Camco 42183 RV Screen Door Cross Bar. It keeps you from putting your hand through the screen door screen.


----------



## KTMRacer

One more on my list and DW's favorite.

electronic spark ignitor for the oven pilot light. Sure beats trying to hold a flashlight, butane lighter and the stove pilot button at the same time with your head in the oven!! Before this mod, DW would make ME light the oven.

And as a side benefit electronic spark ignitor for the stovetop burners.


----------



## venatic

Bypass valve on the water pump to make winterizing easier.


----------



## cdawrld

Dryer vent and hose. To add heat outlet in bathroom.


----------



## Mark W

cdawrld said:


> Dryer vent and hose. To add heat outlet in bathroom.


Hello! I saw your post about adding a dryer vent and hose for a heating outlet in the bathroom. May I ask you for more details on how you did this? That is, where did you put the vent in the bathroom, where does it connect to and would you have any pictures you could share? Sounds like a great idea!

Thanks much! Mark W.


----------



## Mark W

KTMRacer said:


> One more on my list and DW's favorite.
> 
> electronic spark ignitor for the oven pilot light. Sure beats trying to hold a flashlight, butane lighter and the stove pilot button at the same time with your head in the oven!! Before this mod, DW would make ME light the oven.
> 
> And as a side benefit electronic spark ignitor for the stovetop burners.
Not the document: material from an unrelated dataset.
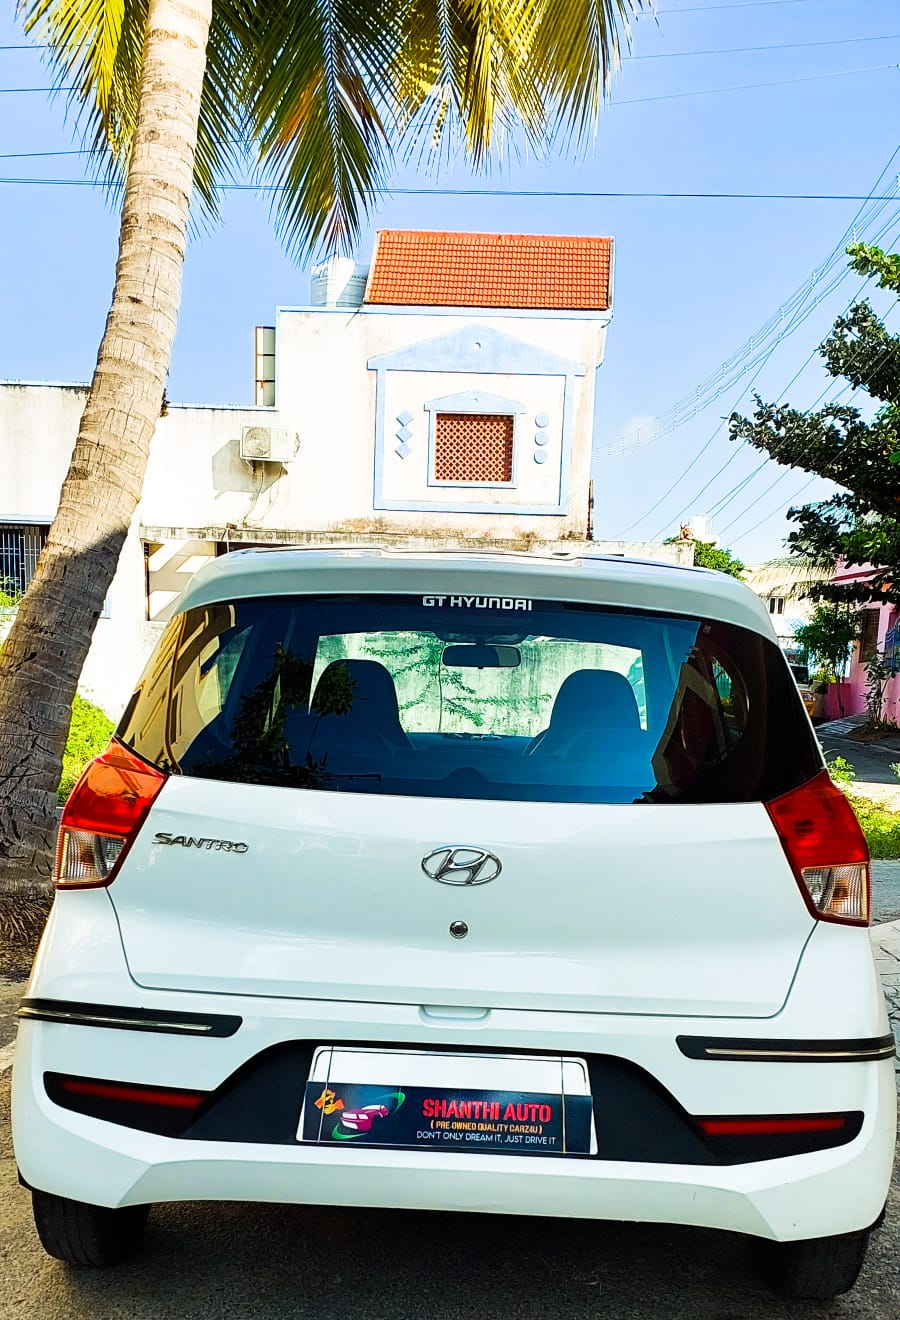 6511-for-sale-Hyundai-Santro-Petrol-First-Owner-2018-TN-registered-rs-435000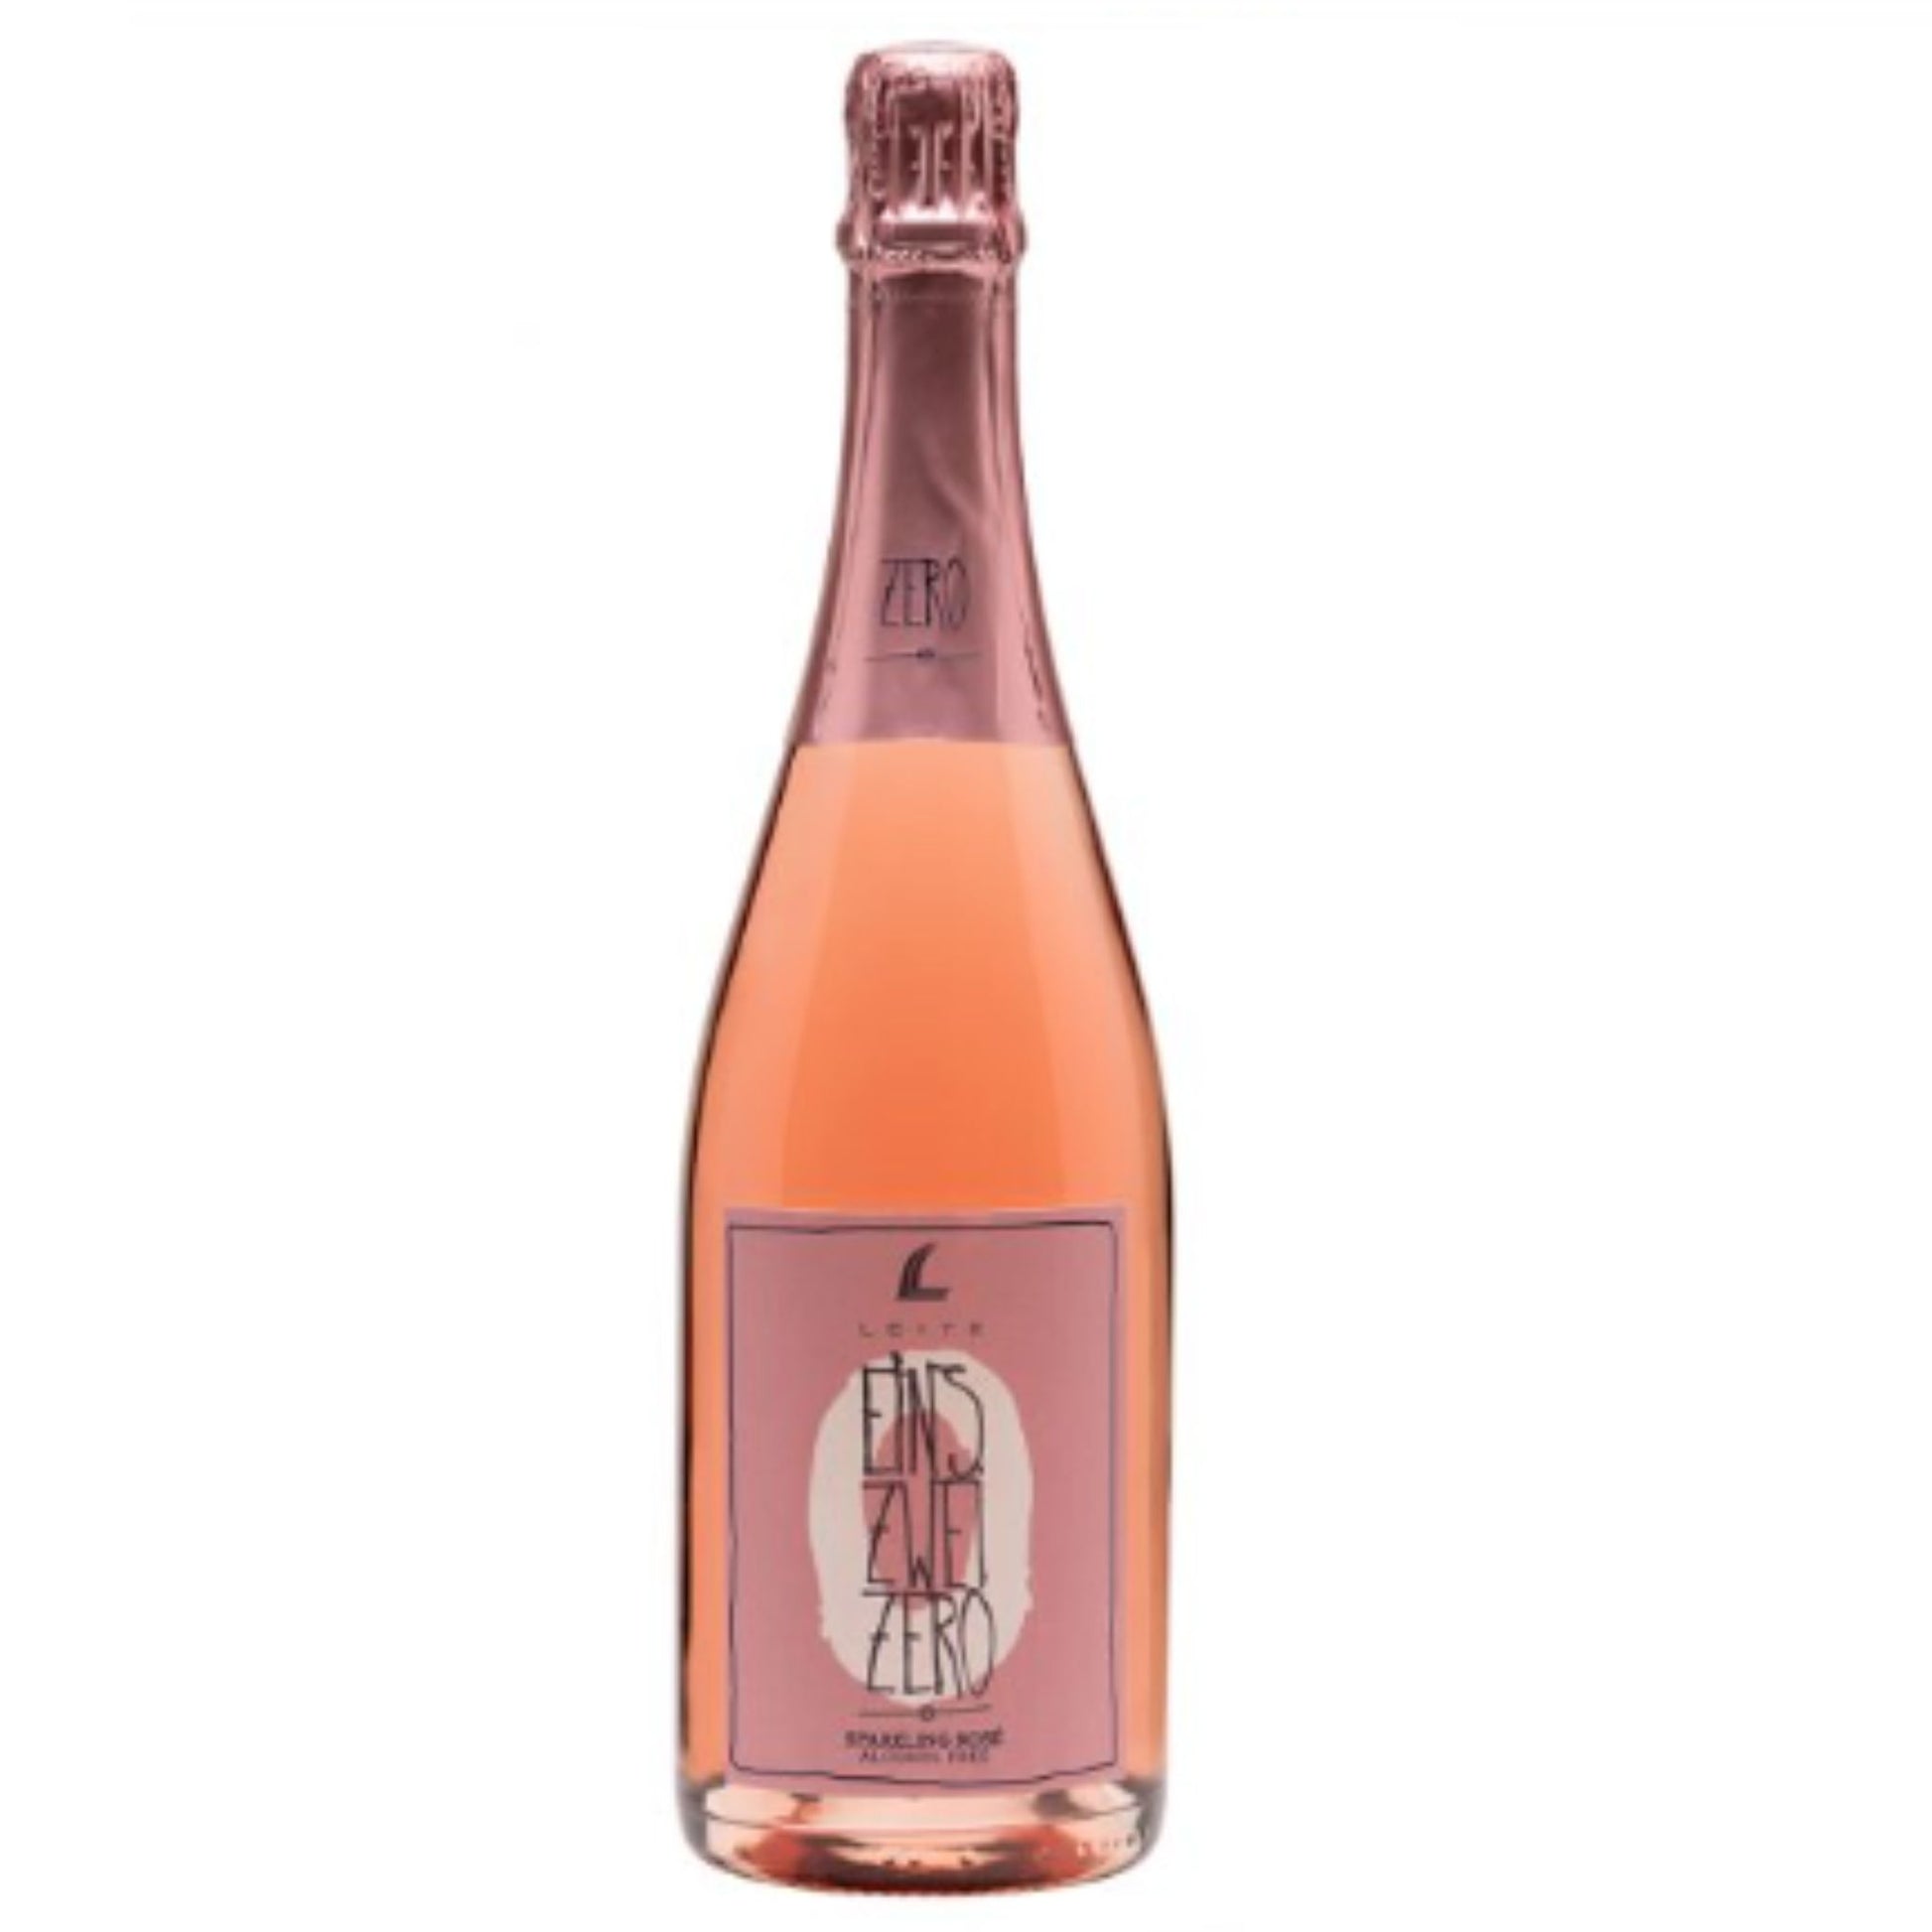 Leitz Eins-Zwei-Zero Sparkling Rosé is available for sale at Knyota Drinks.

Hello! Your spark ignitor idea sounds great! Would you be able to provide any more details about the specifics of the ignitor? Where it is installed and would you have any pictures to share?

Thanks much! Mark W.


----------



## KTMRacer

Mark W said:


> One more on my list and DW's favorite.
> 
> electronic spark ignitor for the oven pilot light. Sure beats trying to hold a flashlight, butane lighter and the stove pilot button at the same time with your head in the oven!! Before this mod, DW would make ME light the oven.
> 
> And as a side benefit electronic spark ignitor for the stovetop burners.


Hello! Your spark ignitor idea sounds great! Would you be able to provide any more details about the specifics of the ignitor? Where it is installed and would you have any pictures to share?

Thanks much! Mark W.
[/quote]

here is a thread that gives lots of hints and pictures. I used a charbroil ignitor kit that has 4 outputs and includes one high temp wire and one new spark gap.

http://www.rv.net/forum/index.cfm/fuseaction/thread/tid/24521274/srt/pa/pging/1/page/1


----------



## biguscj7

MJV said:


> Flash lite--with fan built into the other end---for stubborn campfires.
> 
> Wooden shelf with corresponding bolts to line up on exterior T.V. bracket---Near electric plugs, to put small items on.
> 
> Set of three plastic drawers(around $20.00??) DW bought them, In wardrobe , By front bunks, great for DW's cloths!
> 
> Pressure type Shower rod ---We use it to hang cloths in bathroom , over the tub--can be removed if we use shower--but we usally use campground showers.


Do you have any documentation on the wooden shelf? I've been looking to do the same thing myself. Just confounded by the needed bolts that would fit the bracket.


----------